What is RRAM and how does dorsaVi use it in Physical AI hardware?

RRAM, or Resistive Random-Access Memory, stores data by switching between electrical resistance states and is being developed by dorsaVi as a near-sensor memory layer for Physical AI systems — enabling robots, wearables, and autonomous machines to retain and act on data locally without cloud dependency.

What is dorsaVi's RRAM energy benchmarking study actually measuring?

The study is generating device-level electrical measurements of dorsaVi's engineered RRAM structures to quantify the energy required to update memory states, establishing an initial performance benchmark that will feed into subsequent evaluation using the company's RRAM Validation Chip.

What comes after the RRAM energy benchmarking study for dorsaVi?

Results from the energy benchmarking work are intended to provide an input for evaluation using dorsaVi's RRAM Validation Chip, which will extend the program towards array-level operation, CMOS integration, and future Compute-in-Memory assessment, alongside reliability and workload-level evaluation.

Has dorsaVi's RRAM been tested for use in automotive or high-temperature environments?

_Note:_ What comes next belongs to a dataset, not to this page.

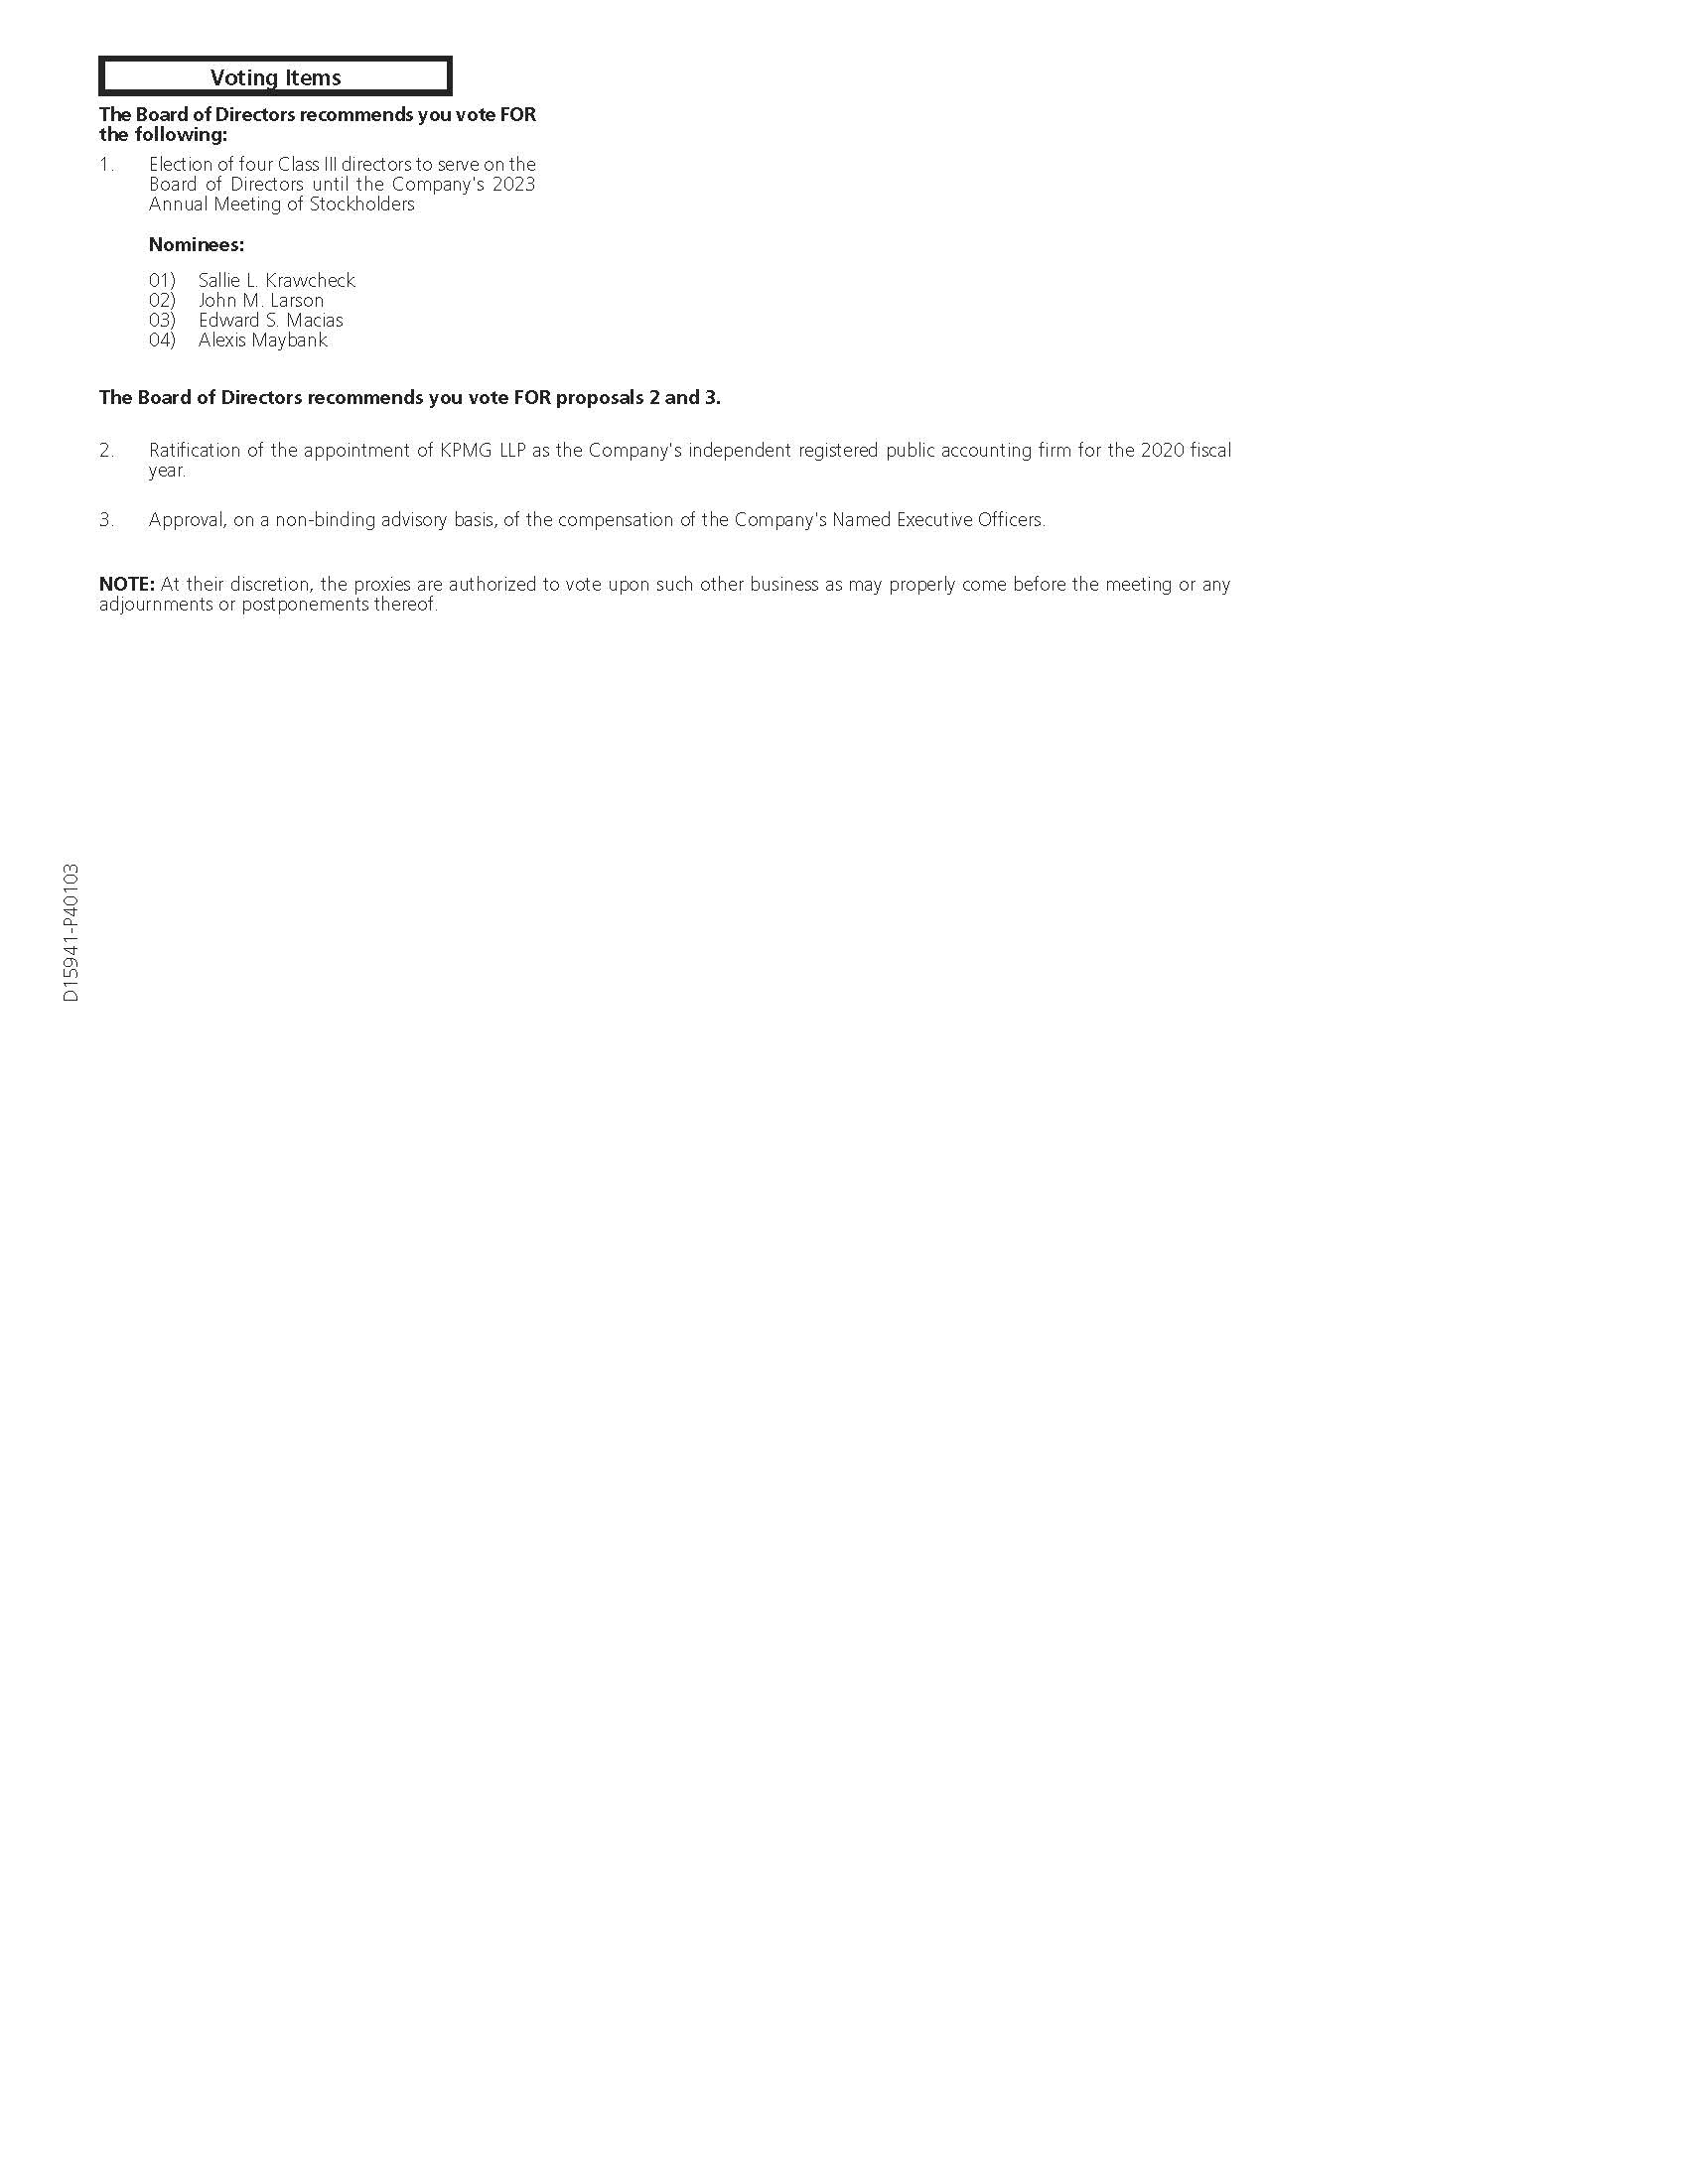 noticefinalapprovedpage3.jpg

Yes — parallel thermal stability testing against AEC-Q100 automotive-grade methodology has confirmed fully reversible RRAM cell behaviour at temperatures up to 150°C across all test points, a standard relevant to automotive and industrial Physical AI applications.

What Physical AI markets is dorsaVi's RRAM technology targeting?

dorsaVi has identified advanced robotics, autonomous vehicles, industrial automation, adaptive wearables, drones, and medical and surgical robotics as illustrative application verticals where near-sensor memory efficiency may become increasingly relevant — though these are reference applications, not dorsaVi-developed products.

Josua Ferreira
By Josua Ferreira
Partnership Director
Josua Ferreira holds a Bachelor of Commerce in Marketing and Advertising and brings a background in publication, business development, and ASX market storytelling. He has worked with listed companies across the resource sector and broader market, combining sharp commercial instincts with a genuine commitment to keeping investors informed.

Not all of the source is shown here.